Disappearance of Coptic girls, a rampant phenomenon in Egypt over the past three decades, that qualifies under international law as “human trafficking,” has become worse in recent years. Typically, organized Islamic groups target certain girls to lure and convert them to Islam. The police and state security agency often turn a blind eye to such crimes and may even help whisk the victim to Al-Azhar’s conversion office to complete the official conversion certificate in record time. In the rare cases where a girl is returned to her family, the culprits are never held accountable. In other words, the supposedly law-preserving authorities act as implicit, if not explicit, partner in such heinous crimes.

Needless to say, minor persons (under 18) cannot, by law, take such actions as converting, without the approval of their parents or custodian. But laws are made to be broken by those who have the power to do!

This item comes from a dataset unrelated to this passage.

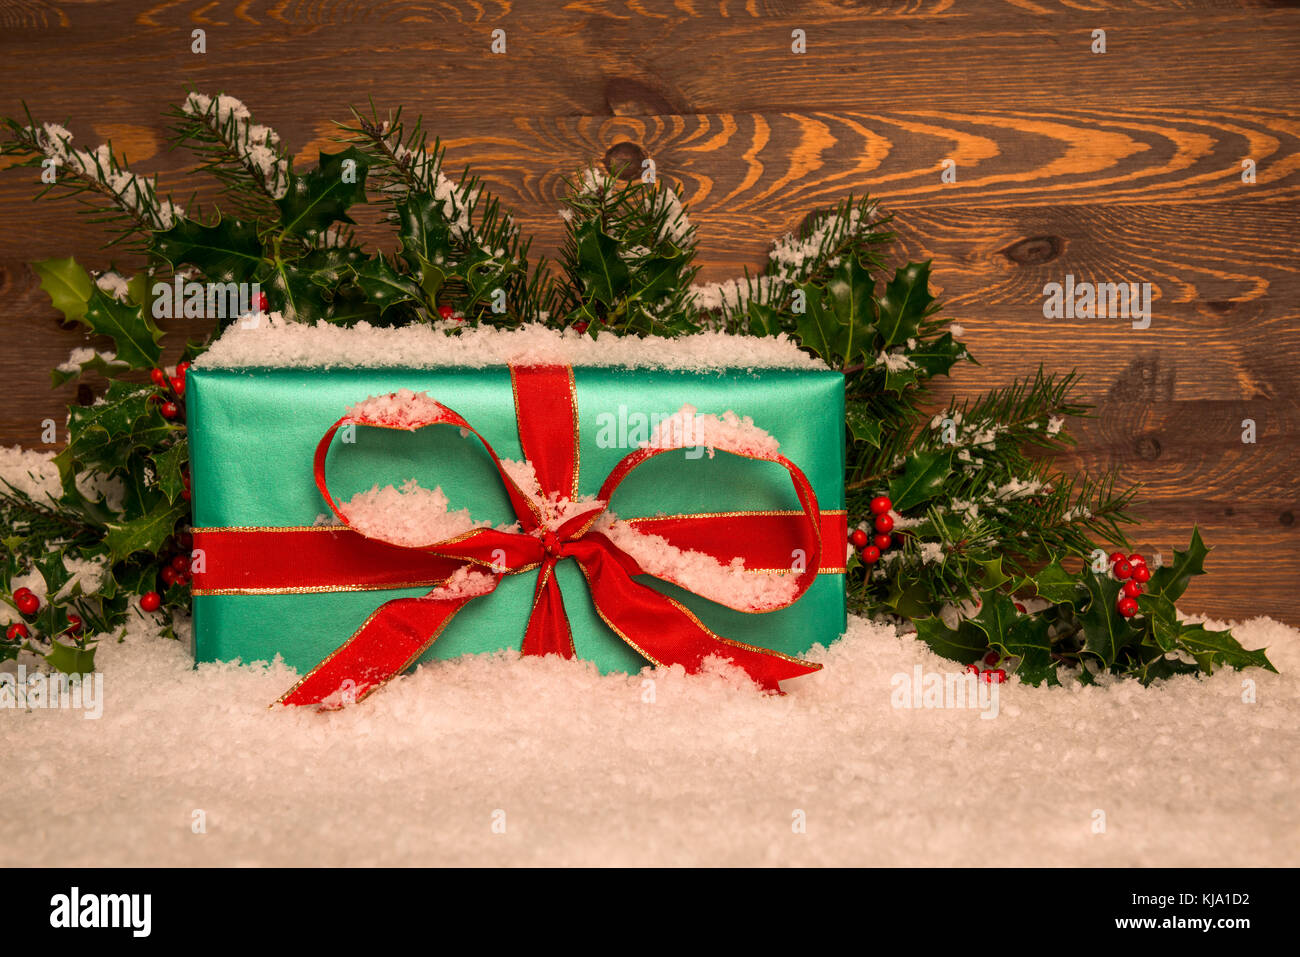 Weihnachtsgeschenk Geschenk im Grünbuch mit roter Schleife verpackt mit Stechpalme und Schnee gegen eine Holz- Hintergrund, kopieren Sie Platz für Ihre Nachricht. Stockfoto

And of course, it is not a matter of freedom (“what’s wrong with a Coptic girl falling in love with a Muslim man or converting to Islam?”) as the rare opposite cases (a Muslim girl dating a Christian man) almost always lead to riots by Muslim mobs and massive attacks on innocent Copts.

In 1863, khedive Ismail established a system whereby if a (major) Coptic person desired to convert to Islam, the state authorities had to summon a priest and several (prominent) Copts to discuss with the person in question, and ultimately have him/her sign a statement confirming the intent to convert with own free will. Such “advisory sessions” remained in force until they were cancelled in 2004 by the then-minister of Interior. Numerous calls ever since to re-establish the process fell on deaf ears.

Ironically, the Church leaders from all denominations, who wouldn’t miss a chance to heap praise on president el-Sisi, rarely lift a finger to defend their children or condemn such blatant crimes.